CONCLUSION/INTERPRETATION: Our study shows systemic up-regulation of selected inflammatory mediators in patients with Type II diabetes and IGT. The pattern observed is non-random and fits with an IL-6 associated rather than TNF-alpha associated response.

摘要

目的/假设:对一组基于人群的样本进行研究,以确定因糖耐量受损而有患II型(非胰岛素依赖型)糖尿病风险的个体的免疫异常情况。

方法

共有1653名年龄在55至74岁之间的个体参与了德国南部的一项基于人群的调查(KORA调查2000)。那些无糖尿病病史的个体接受了口服葡萄糖耐量试验(OGTT)。在按年龄和性别匹配后,将随机选择的糖耐量受损(IGT)受试者(n = 80)与同一基于人群样本中的非糖尿病对照受试者(n = 77)和II型糖尿病患者(n = 152)进行比较。使用严格评估的酶联免疫吸附测定(ELISA)法分析血清中的免疫参数。

结果

IGT受试者和II型糖尿病患者血清促炎细胞因子白细胞介素6(IL - 6)浓度高于对照受试者(中位数分别为1.8和2.5 pg/ml,对照为0.8 pg/ml,p < 0.0001)。

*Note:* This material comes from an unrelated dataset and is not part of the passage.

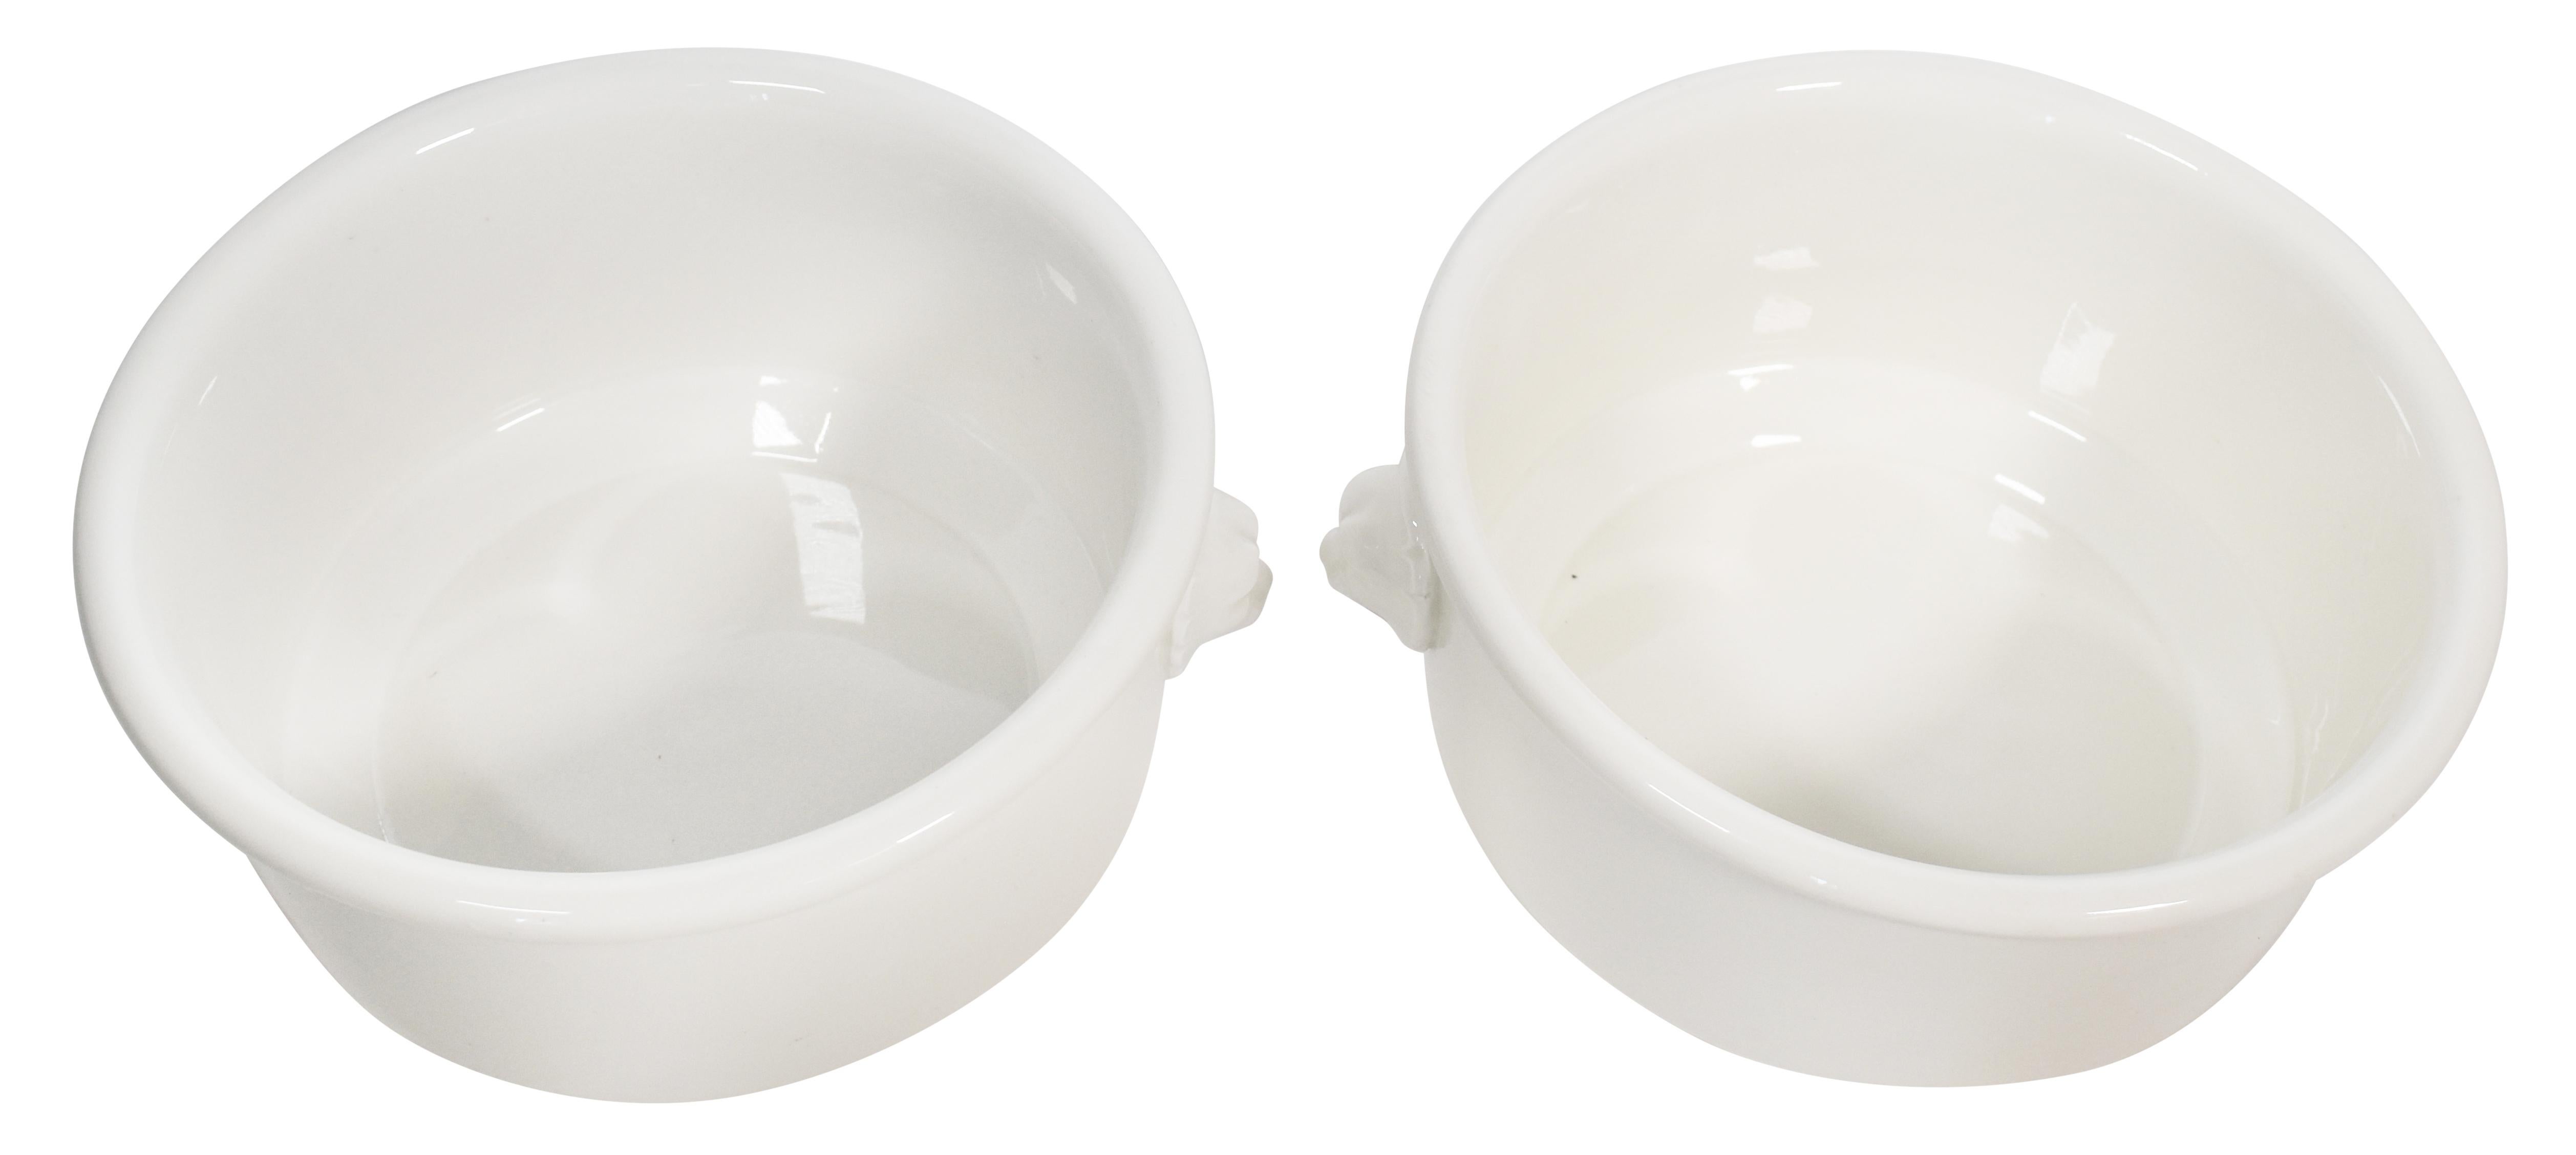 Pair of large unusual vintage European French Pillivuyt porcelain bowls with lion head handles.
 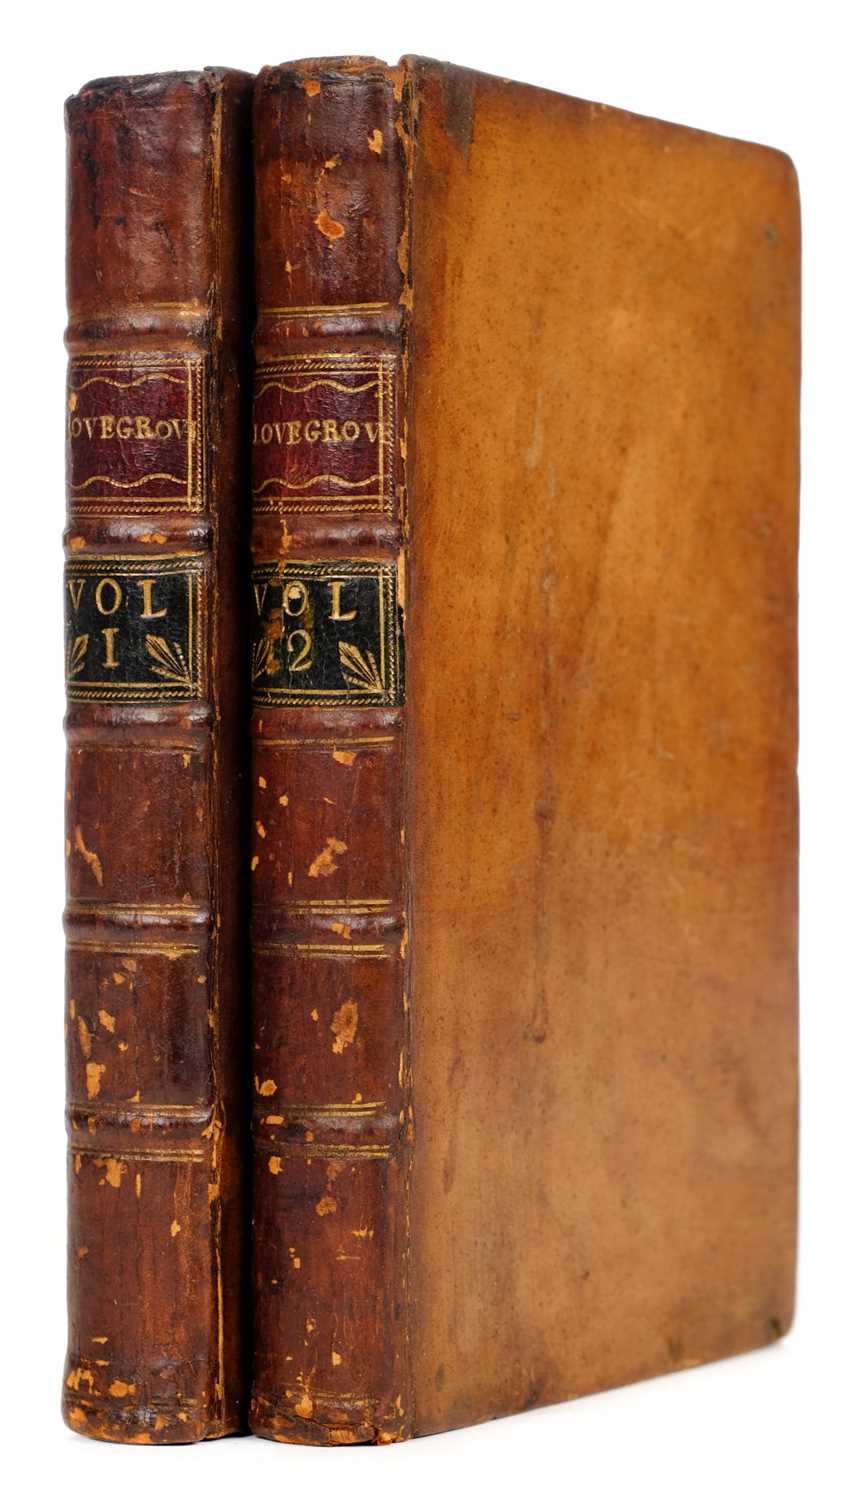 Lot 236 - Ridley (James). The History of James Lovegrove, Esq. 1st edition, 1761

可溶性IL - 6受体可增强IL - 6的生物活性,其浓度在II型糖尿病中轻度升高(p < 0.05)。这些免疫变化似乎具有相关性,因为依赖IL - 6的急性期蛋白C反应蛋白、血清淀粉样蛋白A和纤维蛋白原在IGT和II型糖尿病中也升高。与对照受试者相比,IGT受试者中肿瘤坏死因子α(TNF - α)及其两种受体sTNF - R60和sTNF - R80的循环浓度并未升高。

结论/解读:我们的研究表明,II型糖尿病和IGT患者中某些炎症介质出现全身性上调。观察到的模式并非随机,符合与IL - 6相关而非与TNF - α相关的反应。